Labs showed a a bumped troponin precode... and a stat echo showed ef of 15%. There was third spaced fluid on his extremities and definitely some pulmonary edema (wet audible cough). He was started on amio after a bolus and heparin.
Sometime in the night he went into a 7 minute tun of vtach with a pulse. During this time the physician was called to bedside. In this time I bolused 150 amio and gave two stat pushes of lidocaine. Ultimately the patient was started on a lidocaine drip.
He later converted and was "doing better."
Pressures began to become labile sometime later and he went into respiratory failure. We couldn't give lasiks per the physician because of the low pressures.
He was intubated and sedated to end my night.
As the story goes...on day shift... His pressures dropped into the 60s and levophed was started. He later went into vtach witjout a pulse and did not survive the code.

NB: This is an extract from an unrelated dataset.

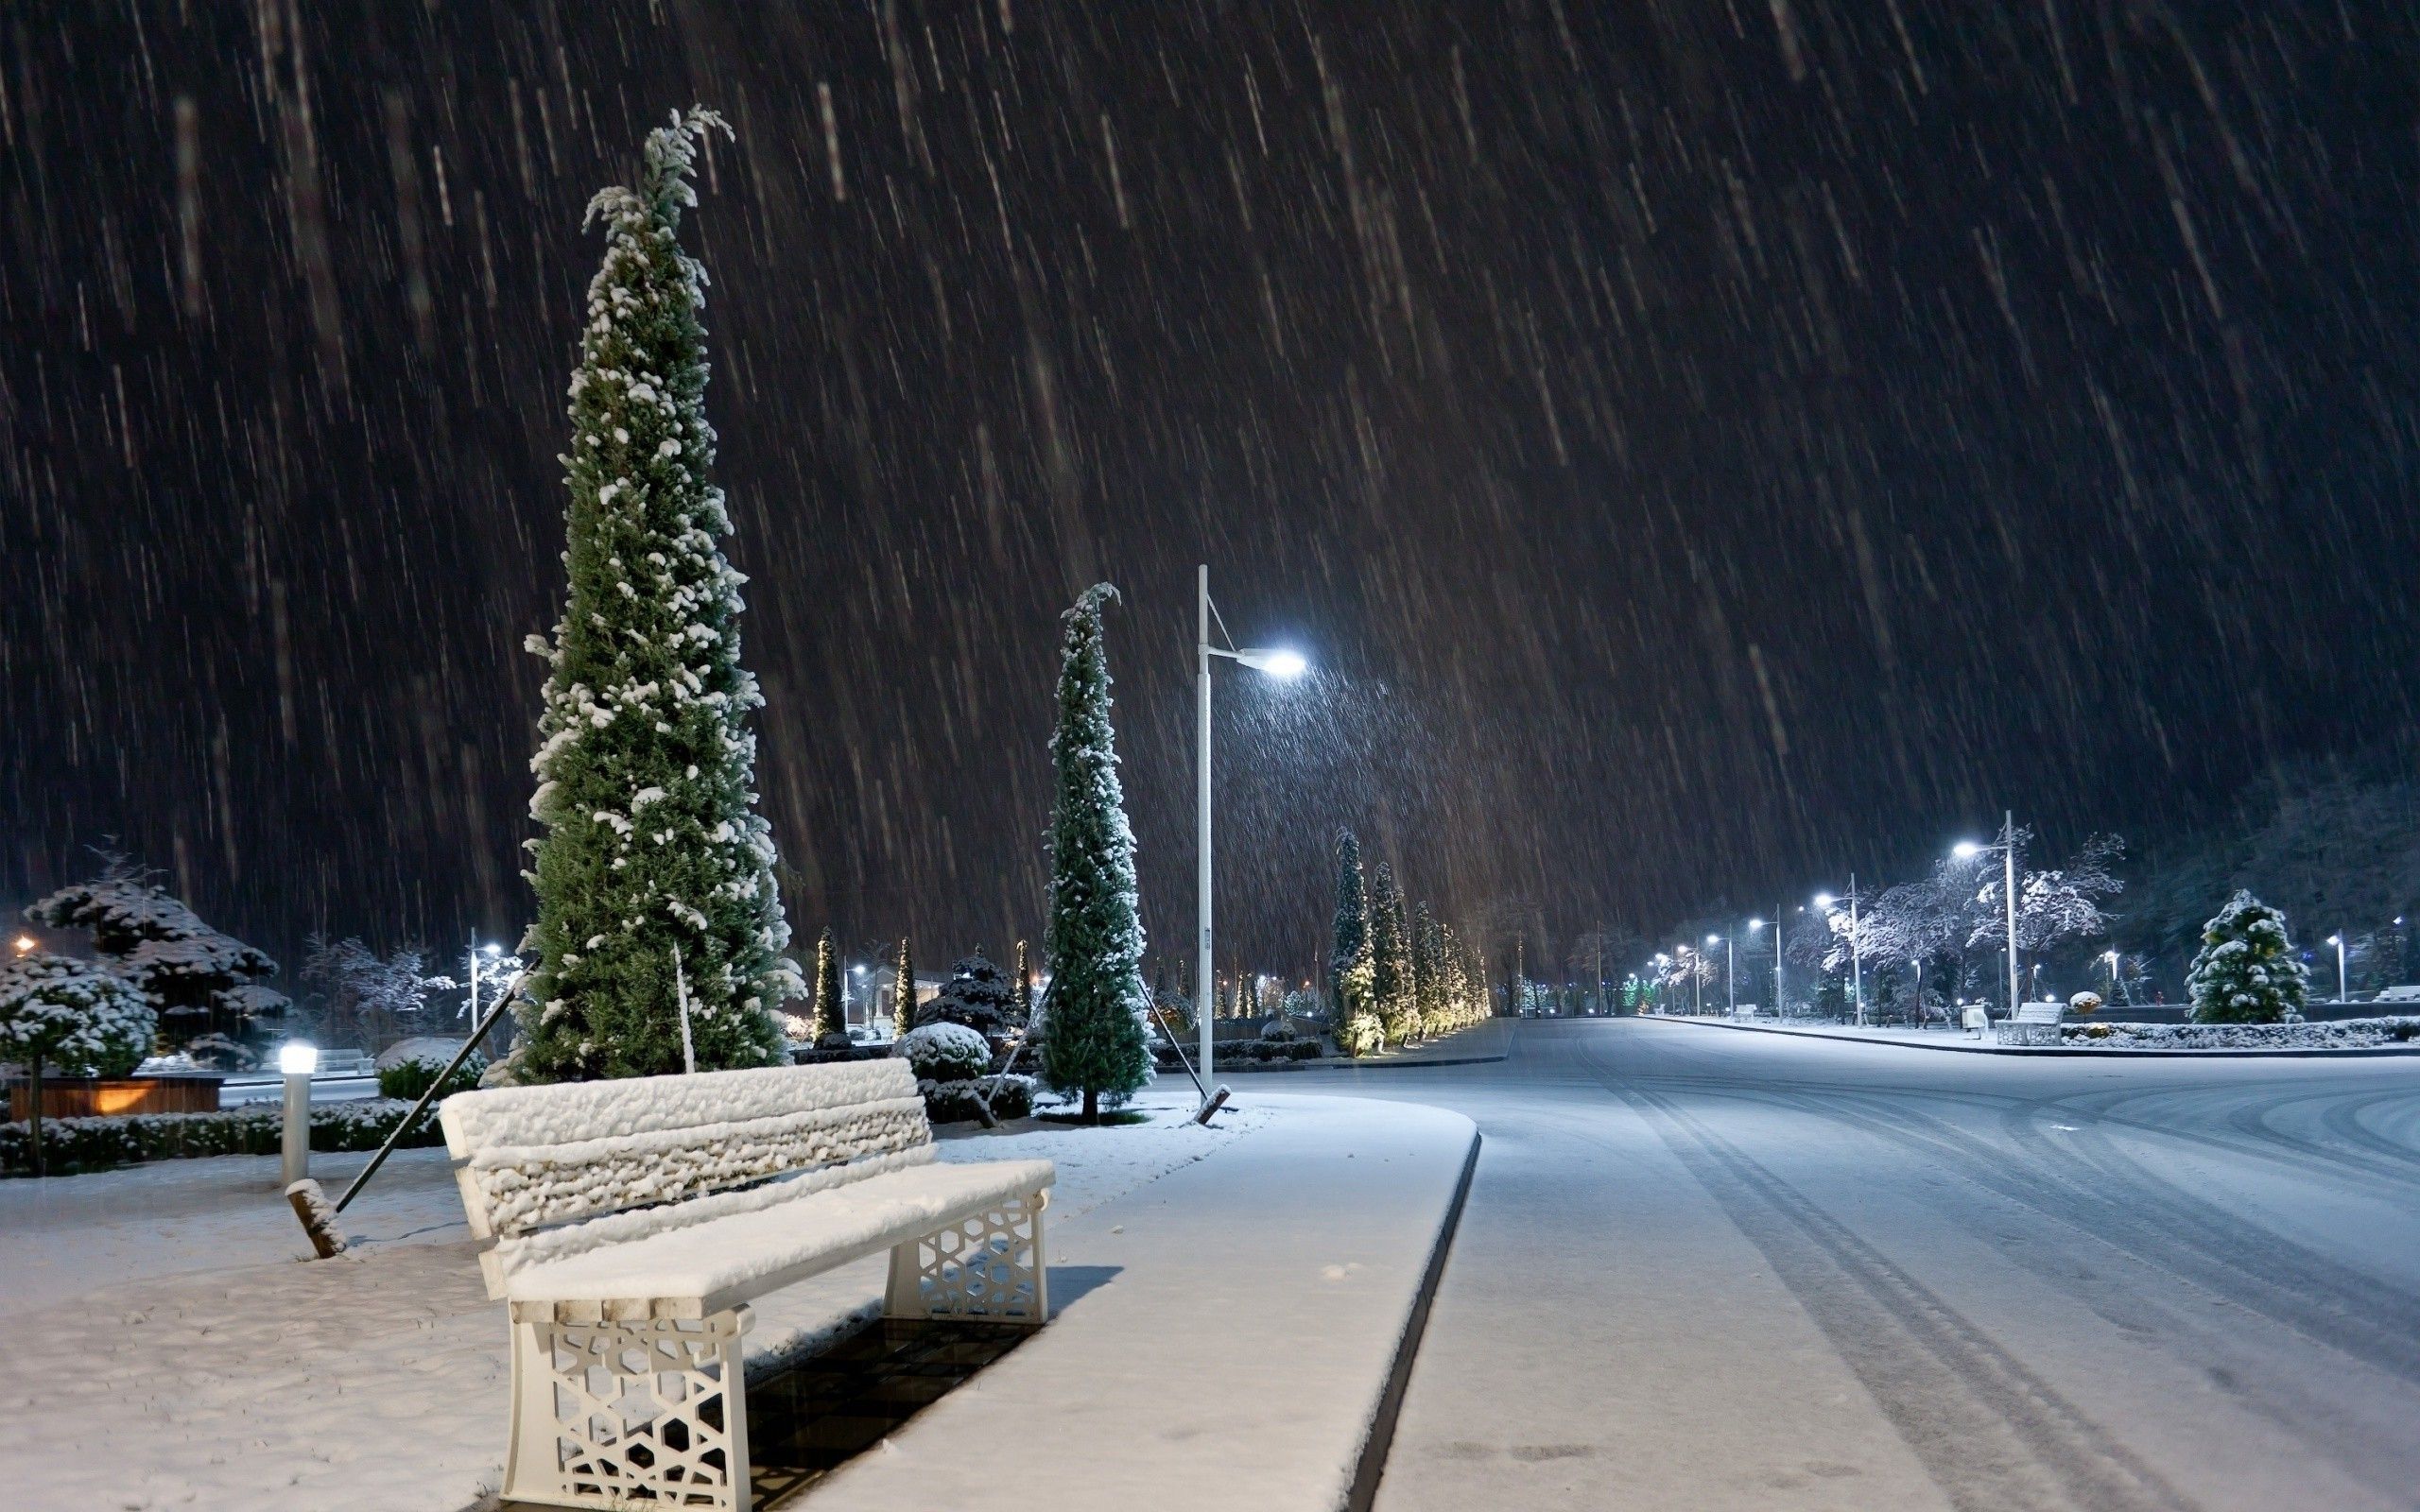 Snow night on a city street. Facebook cover photo art, Snow night, Winter good night

My question is this... seemingly as though the patient was presenting with chf exacerbation and perhaps some underlying pneumonia.... what would you guys have ordered when he became hypoyensive?
I don't understand the levophed choice because it will raise the pressures for sure...but wouldn't it make an already flogging heart have to work harder to push against the increased afterload? Furthermore, wouldn't it constrict the coronaries and further cause myocardial ischemia? Please let me know what you all think.
I have made the conscious effort to study my pressors and vasoactives tenfold because I want to understand even more than I have before.